*Exercise*: Word for word, copy the lines beginning at the one with "Bluebella Pride Carmen" and ending at the last line below; pictures stay out.

*Data segment*:
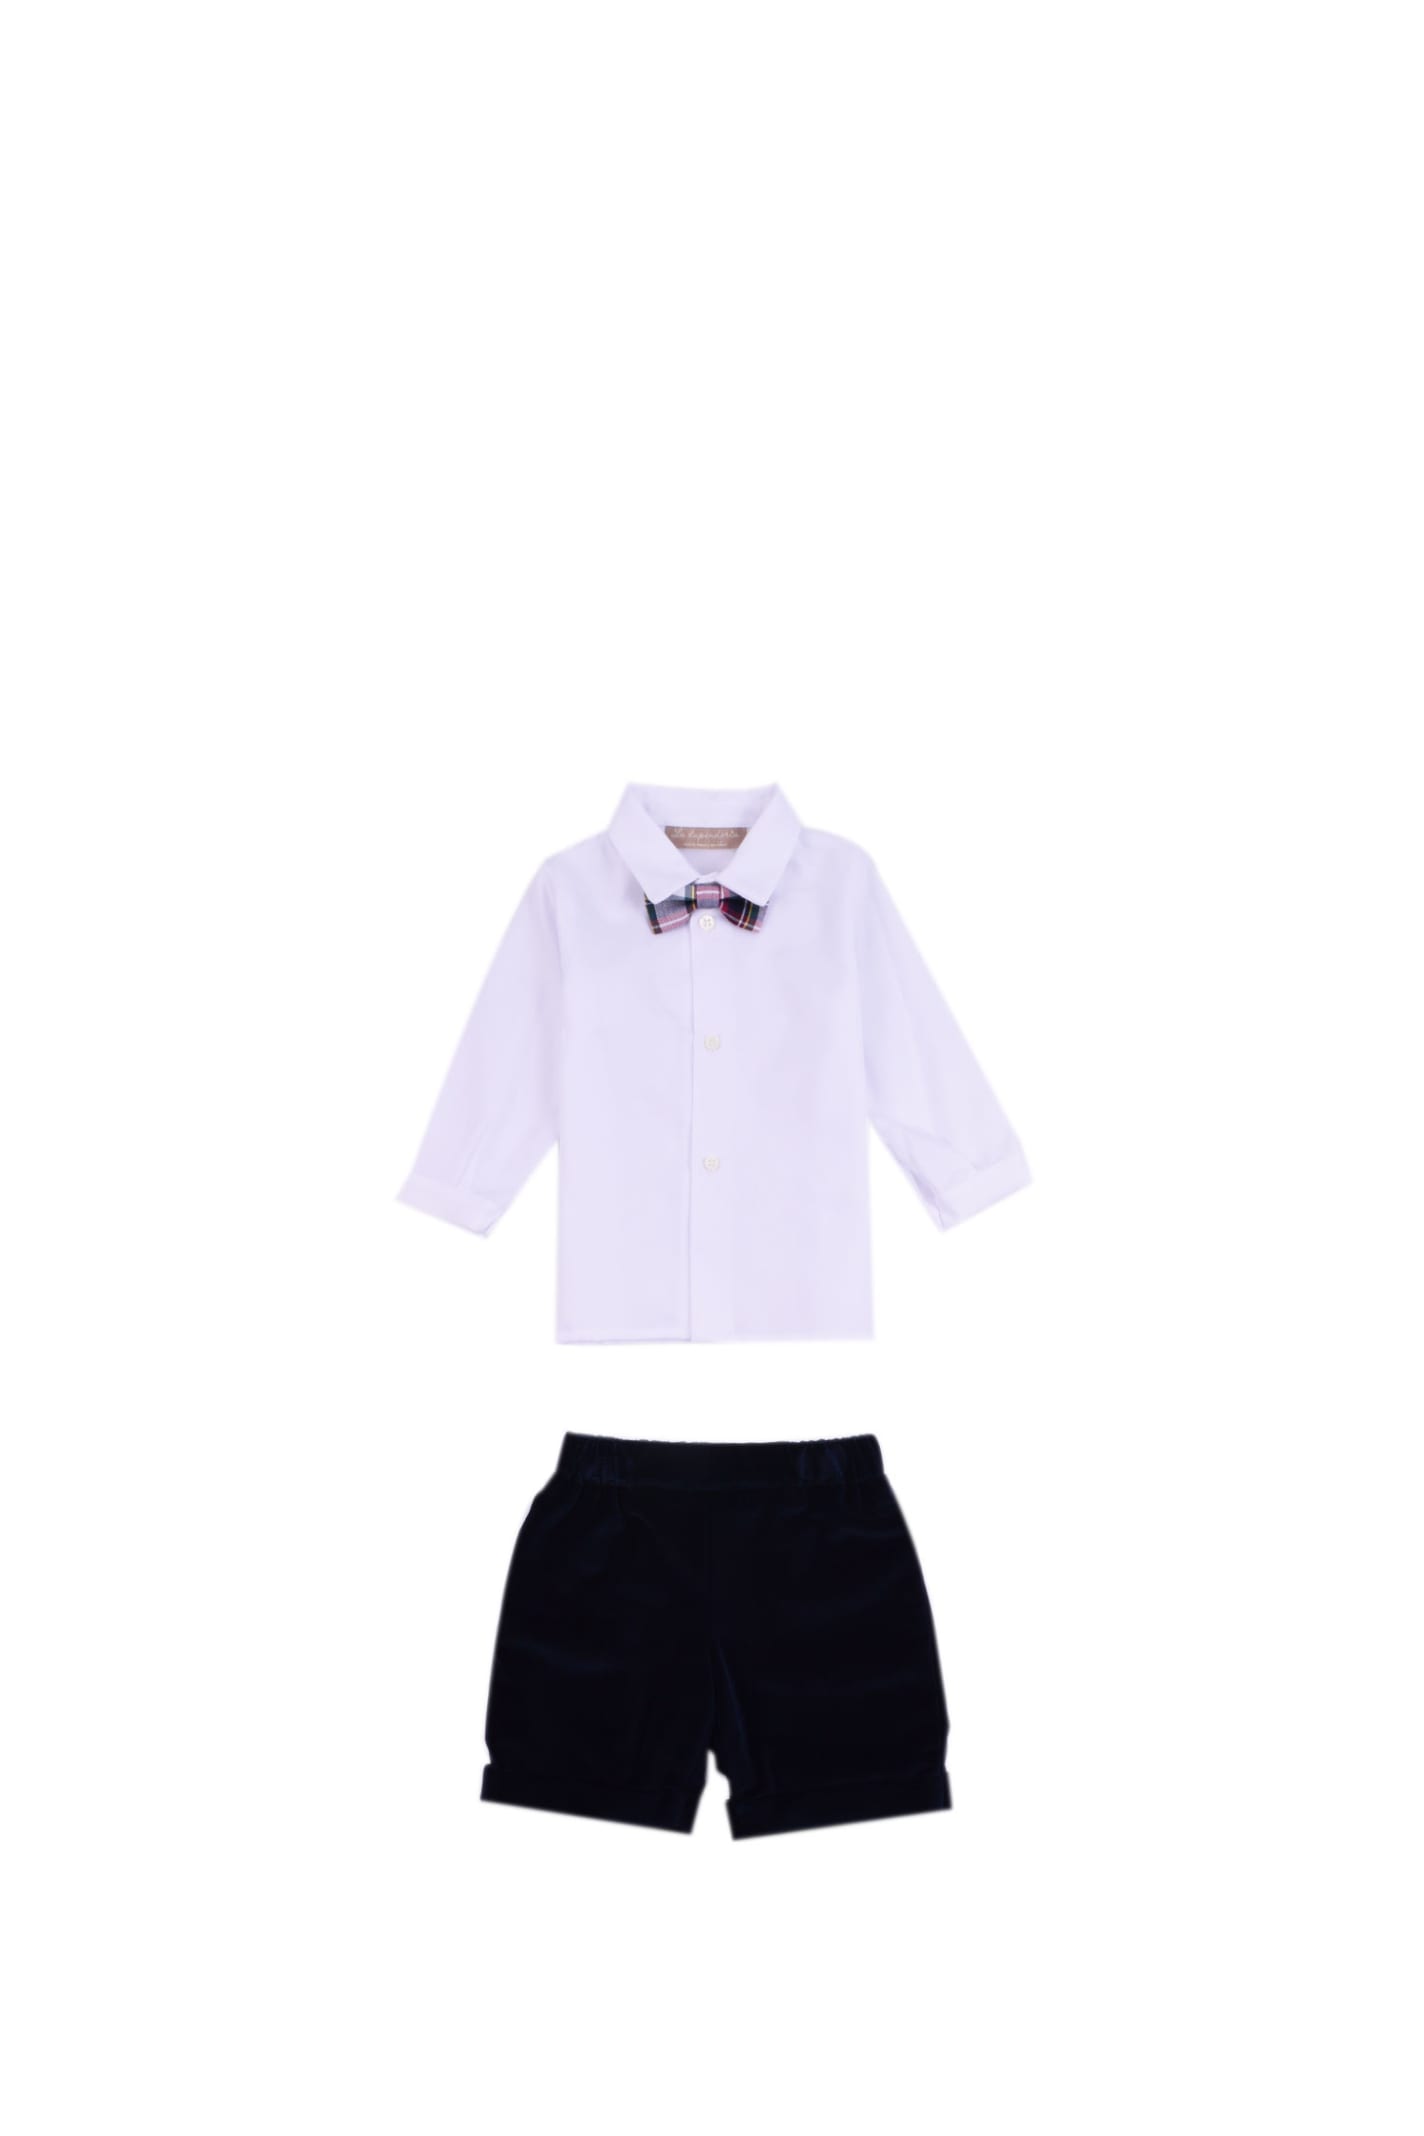 La stupenderia Cotton Shirt, Papillon And Shorts
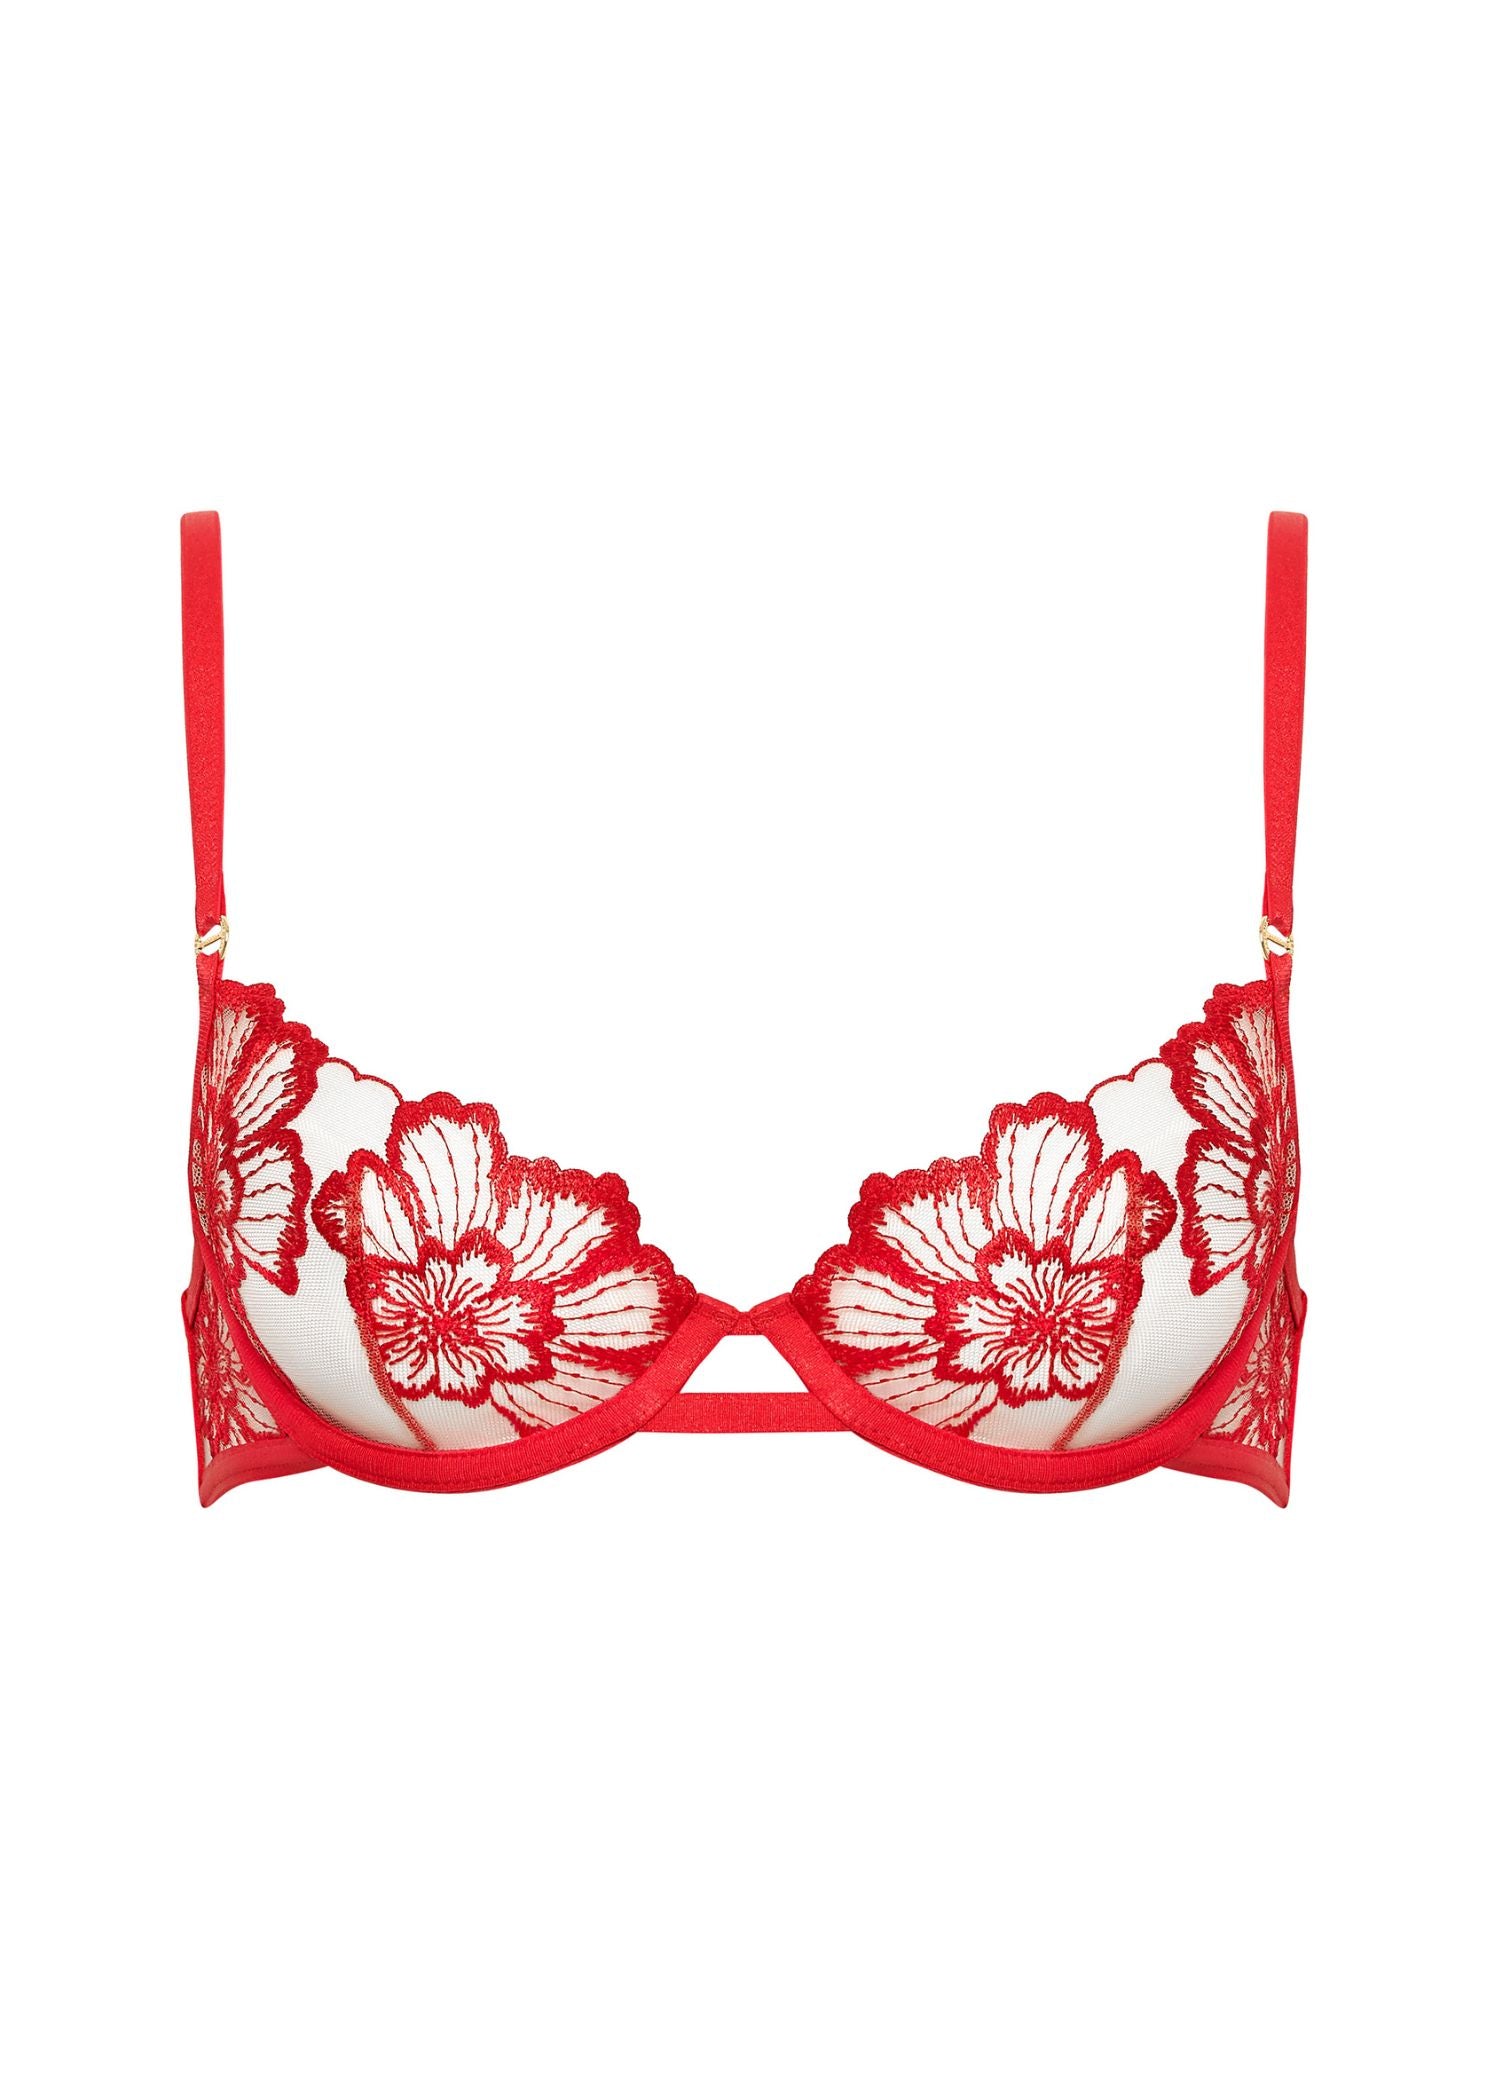 Bluebella Pride Carmen lace lingerie set in red
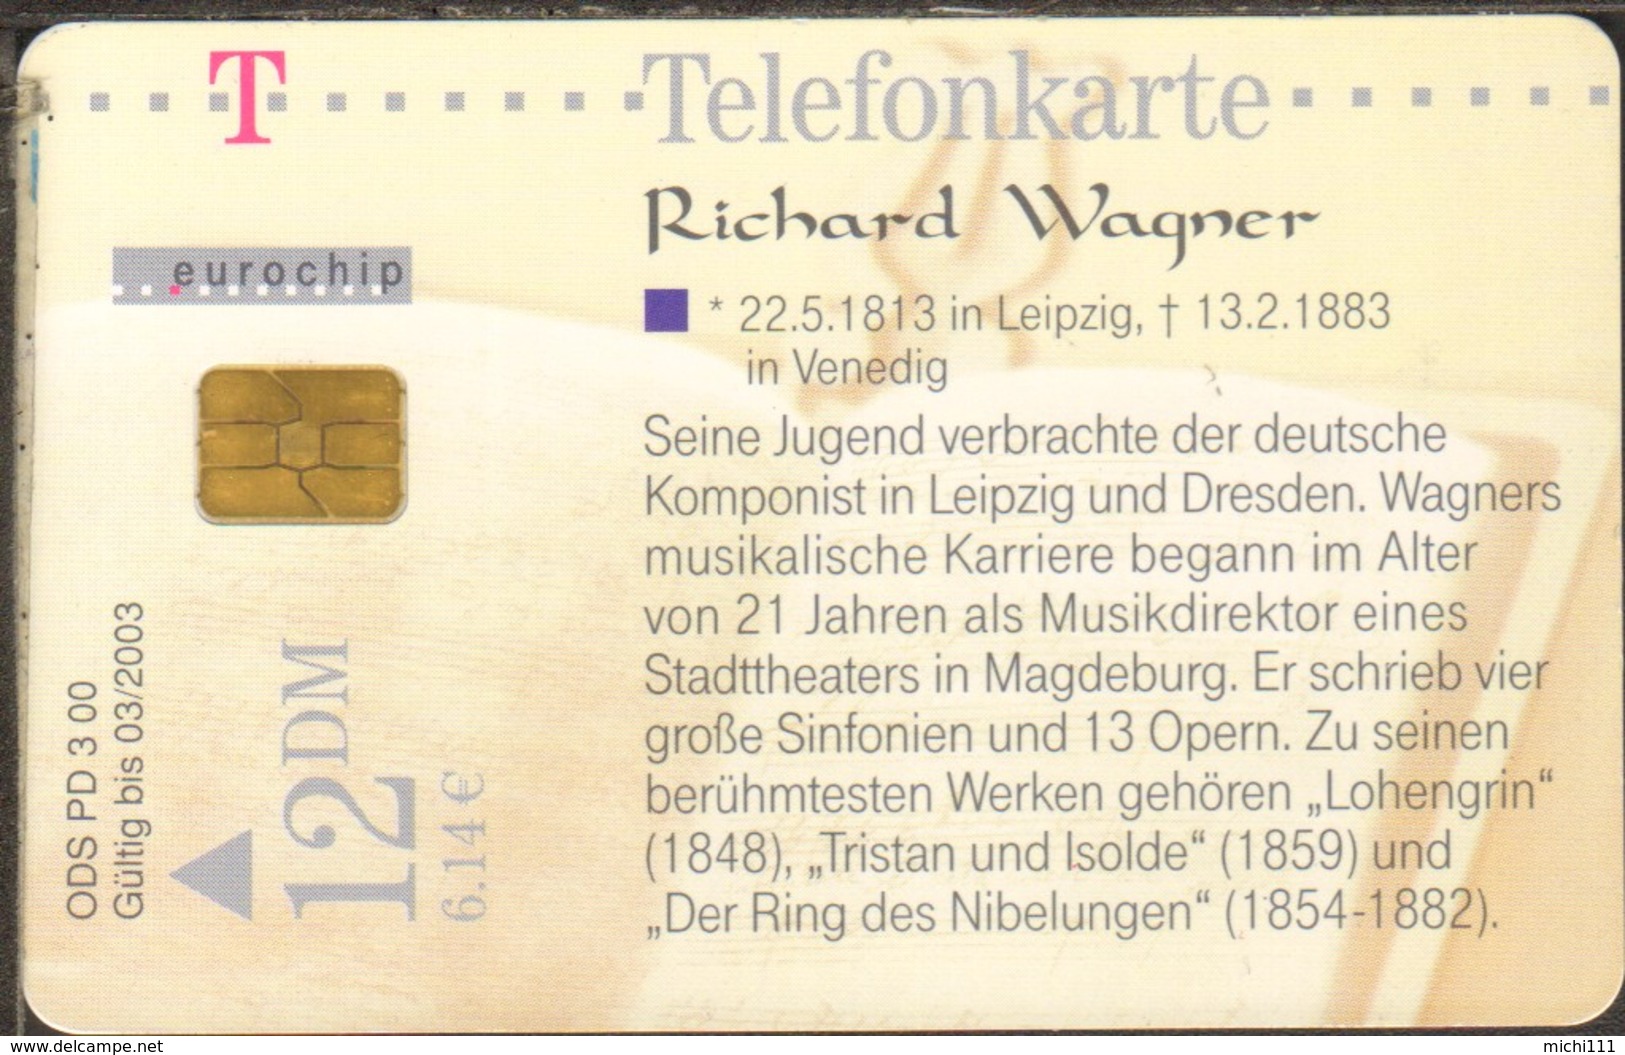 Phonecard Telefonkarte Richard Wagner 2003 PD 3 00 12DM 6,14€ Used - P & PD-Series: Schalterkarten Der Dt. Telekom

*Answer to this problem*:
 Bluebella Pride Carmen lace lingerie set in red
 Phonecard Telefonkarte Richard Wagner 2003 PD 3 00 12DM 6,14€ Used - P & PD-Series: Schalterkarten Der Dt. Telekom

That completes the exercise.